Amazon Web Services' prolonged downtime over the weekend was caused by lightning, according to the company - but was lengthened by software bugs in the cloud provider’s infrastructure.
The bugs, disclosed by Amazon in an analysis of the failure, show how the size at which cloud providers operate can make them acutely vulnerable to failures in their software systems -- and acts as an object lesson of Google's statement that "at scale, everything breaks."
According to Amazon, its cloud in its US East region (10 datacentres split across four availability zones) was initially troubled by utility power fluctuations, probably caused by an electrical storm.
The outage took out key AWS technologies such as EC2
However, it was a variety of unforeseen bugs appearing in Amazon's software that caused the outage to last so long: for example, one datacentre failed to switch over to its backup generators and eventually the stores of energy in its uninterruptible power supply (UPS) were depleted, shutting down hardware in the region.
This unavailability of instances caused a "significant impact to many customers," Amazon said, but was worsened by degradation of the "control planes" — software that lets customers create, remove and change resources across the region. This inflexibility hobbled customers’ ability to respond to the outage.
And the problems didn't end there: a bottleneck appeared in Amazon’s server booting process, which meant it took longer than expected to bring key AWS components like EC2 and EBS back online. This led to a further problem for Amazon, as when it brings EBS back it needs to perform various technical operations to assure that data stored in the technology is preserved, and due to the number of affected bits of hardware "it still took several hours to complete the backlog."
Taken together, these difficulties combined to lengthen the recovery process beyond what it would normally be if a company were just bringing a generator back online.
"A bug we hadn’t seen before"
Perhaps the most critical problem for Amazon was the unforeseen bug that appeared in its Elastic Load Balancer (ELB), which is used to route traffic to servers with capacity.
When key AWS components like EC2 go down, the ELB system frantically tries to assign workloads to servers with space. However, as Amazon’s cloud rebooted, "a large number of ELBs came up in a state which triggered a bug we hadn’t seen before," the company said.
The bug meant that Amazon tried to rapidly scale the affected ELBs to ones of a larger size, flooding Amazon’s cloud with requests that caused a backlog in its control plane.
This, combined with a rise in the number of new servers being provisioned by customers in unaffected availability zones to add even more requests to the control plane, increasing the backlog still further.

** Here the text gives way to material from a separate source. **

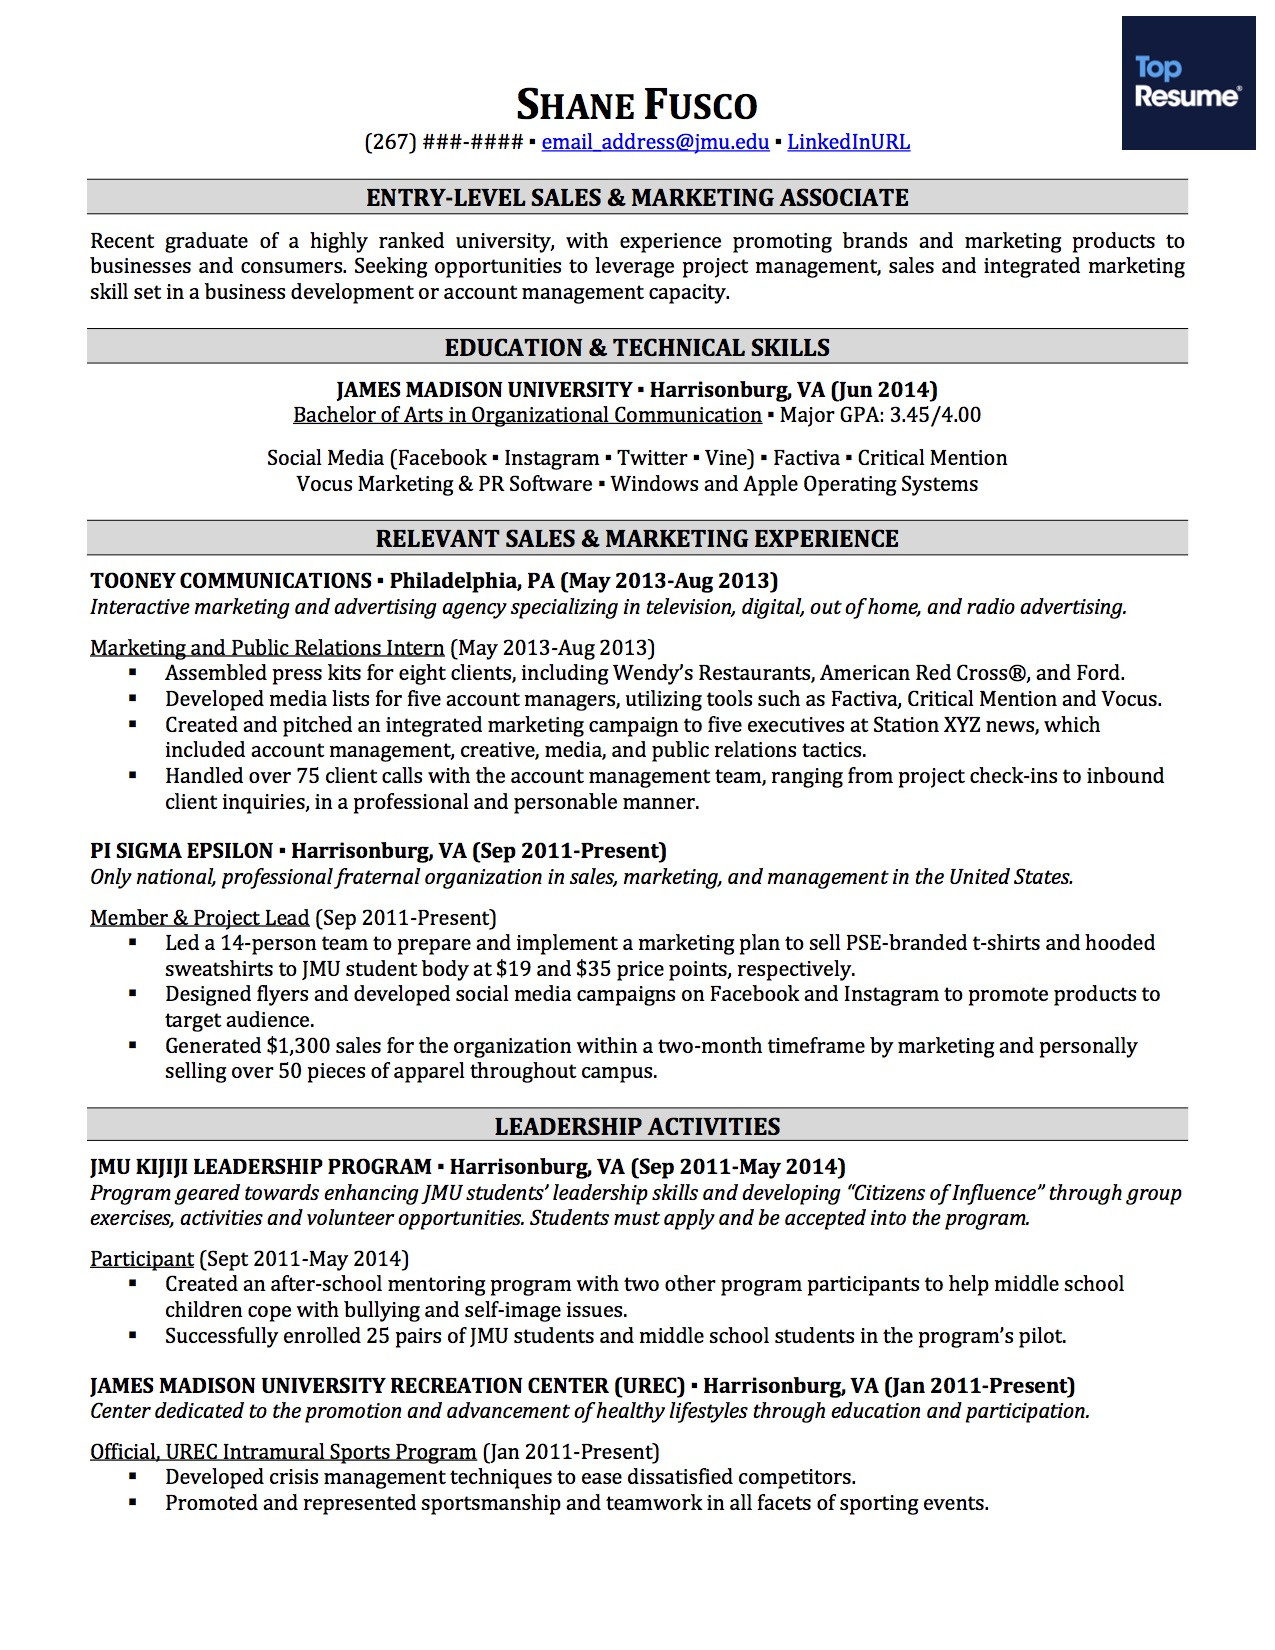 Beginners Resume with No Experience Template How to Make A Resume with No Experience topresume

A similar bug occurred in the recovery process for components of Amazon's Relational Database Service (RDS). Due to changes made to how Amazon dealt with storage failures, a bug appeared that meant RDS’s sharded across multiple availability zones did not complete failover, rendering them useless.
This bug is one which "only manifested when a certain sequence of communication failure is experienced," Amazon said, "situations we saw during this event as a variety of server shutdown sequences occurred."
All in all, though Amazon's outage happened because of an electrical storm, it was the hidden bugs in the cloud provider’s infrastructure that led to the real problems.
This strengthens the argument for cloud providers like Amazon to fully disclose their IT systems to either their customers or an independent third party for assessment, testing and inspection, as Yale academic Brian Ford has argued in his academic paper on "Icebergs in the clouds: the other risks of cloud computing" (PDF).
It also gives a real world example of the types of problems that he has theorised might arise in sufficiently large clouds.
Amazon has promised customers that it will "spend many hours over the coming days and weeks improving our understanding of the details of the various parts of this event and determining how to make further changes to improve our services and processes," but I do not think this goes far enough. In my opinion, more eyes are better, and Amazon should consider publishing further details of its technical infrastructure so customers can have as much insight into its infrastructure as it does.